My query is that, if I wish to leave my job, can I resign with immediate effect? Will there be implications?


----------



## Snork Maiden (3 Nov 2010)

Hi Hunkydory,

Employment law states that an employee must give one weeks notice.  That said, there is no redress available to the employer if you give less.   I.e. under employment law there is no retribution to your employer if you give less than one weeks notice.

However, you have signed a contract with 8 weeks notice.  your employee in theory could, under contract law, hold you to that.   However, if you dont give 8 weeks, your employer would have to sue you through the courts under contract law and this would be costly.  Generally speaking enforcing contractual notice via the courts only happens for top executive......as the costs arent worth it. 

hope this helps...


----------



## hunkydory (3 Nov 2010)

Hi snork maiden
Many thanks for your advice.


----------



## Sandals (4 Nov 2010)

my concern who be if you'll need a future reference.....


----------



## Marietta (4 Nov 2010)

Employers cannot refuse to give a reference.


----------



## ontour (4 Nov 2010)

Marietta said:


> Employers cannot refuse to give a reference.




What makes you think that?

 "There is however, no statutory entitlement to a reference in employment law in Ireland."
http://www.citizensinformation.ie/e..._changing_job/changing_job/giving_notice.html


----------



## becky (5 Nov 2010)

They are legally obliged to state you worked for them as a X from a date to a date, but anything after that is up to them.  You see a lot of banks, US companies only give the dates and title of work/general work area.  
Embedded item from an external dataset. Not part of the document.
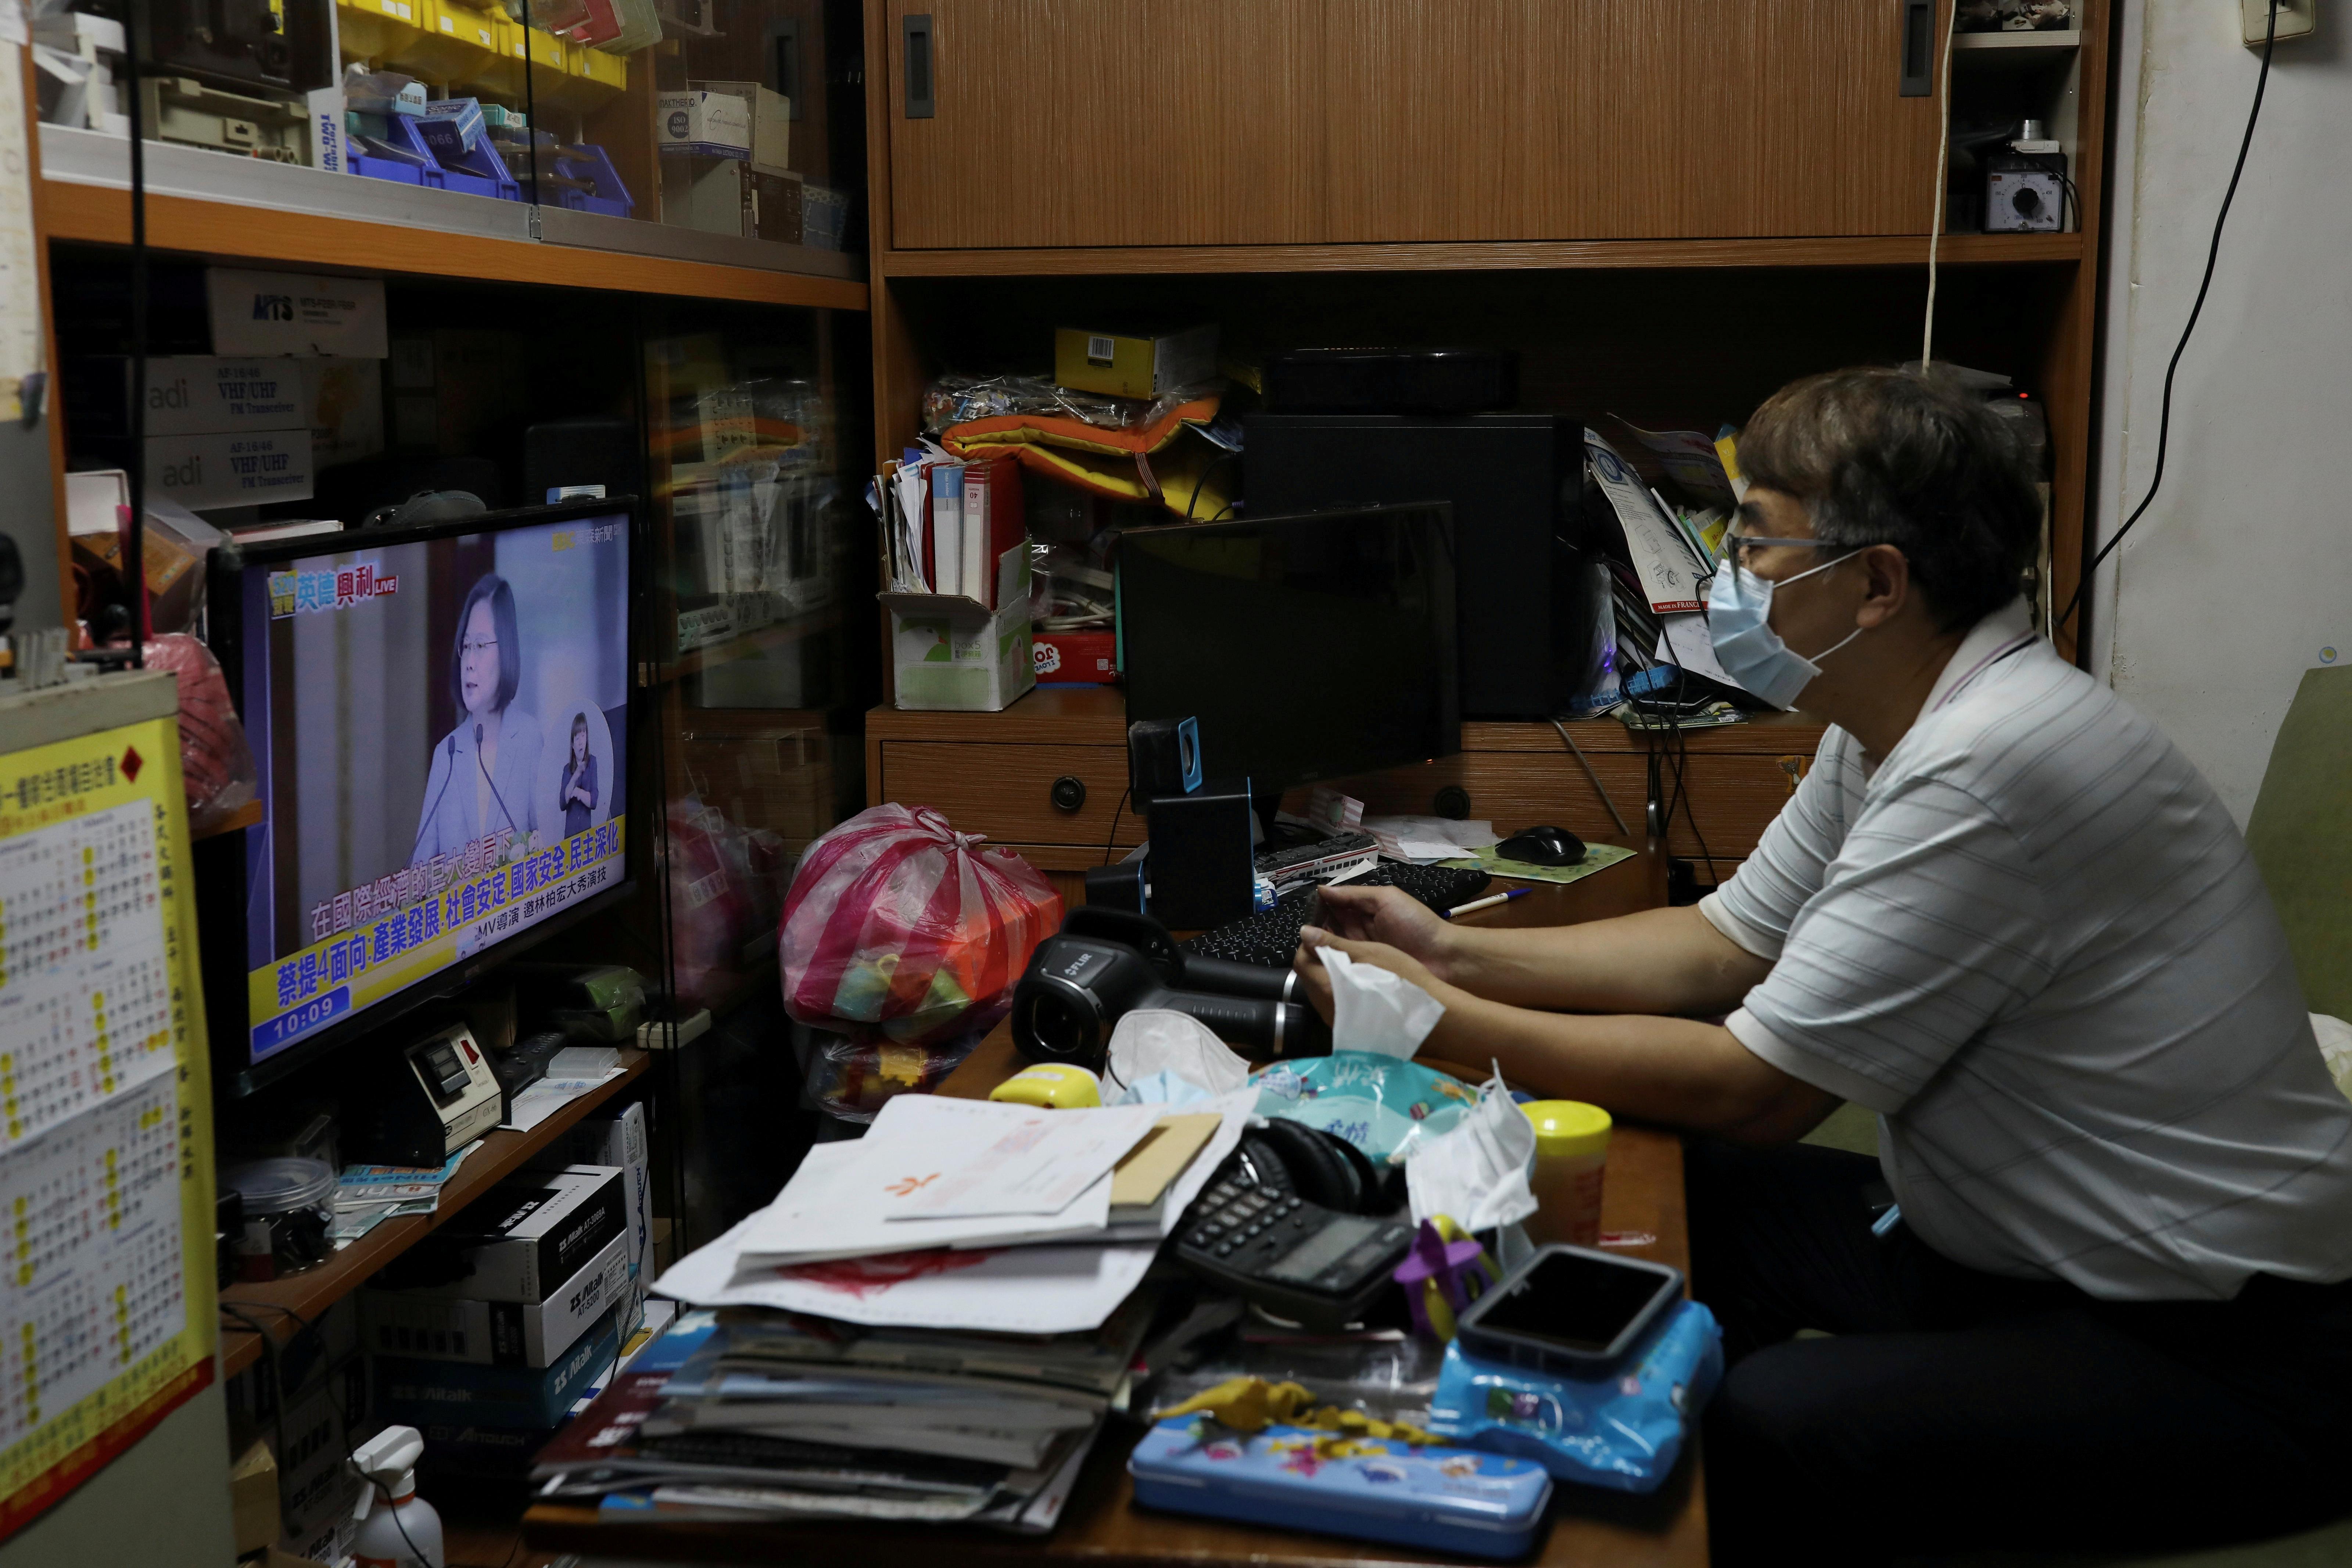 Le président de Taiwan rejette le régime chinois et appelle à des pourparlers pour coexister

I can't remember the act but picked  it up from a HR course I did years ago and it stuck with me as I was in Recruitment at the time.

What another poster meant was the employer could give a reference stating you didn't give the notice you signed up to, so in other words 'a bad reference'.

I did a google there and found this article interesting.

[broken link removed]


----------



## greenfield (5 Nov 2010)

Sorry to disagree with you Becky, I don't think there is any general statutory obligation to give any kind of reference, even one just confirming dates and job title. Some of the JLC's oblige employers to give a certificate of service on request but that only applies to employees covered by the JLC. I think the proposed employment compliance bill contains a similiar provision but that is not enacted.   Employment equality may give rise to an obligation to give a reference a simple example if you give references for full timers and not part timers and your full timers are male and your part timers are female, you may be obliged to give a reference.


----------



## Complainer (5 Nov 2010)

becky said:


> I did a google there and found this article interesting.
> 
> [broken link removed]


I'm not an expert in this field, but I have serious doubts about the article.


> An employer may be now obliged to give a reference. This duty may not only apply to an employee or ex-employee. It may apply to a contractor engaged under a contract for services.
> A reference will have to be true, accurate and fair. It must not give an unfair or misleading impression overall.
> A refusal to give a reference may result in a claim for discrimination under the _Employment Equality Act 1998_.


What is meant by 'may now be obliged'? Either there is a legal obligation or there isn't, or maybe an obligation in certain circumstances. 'May' is pretty useless here.


----------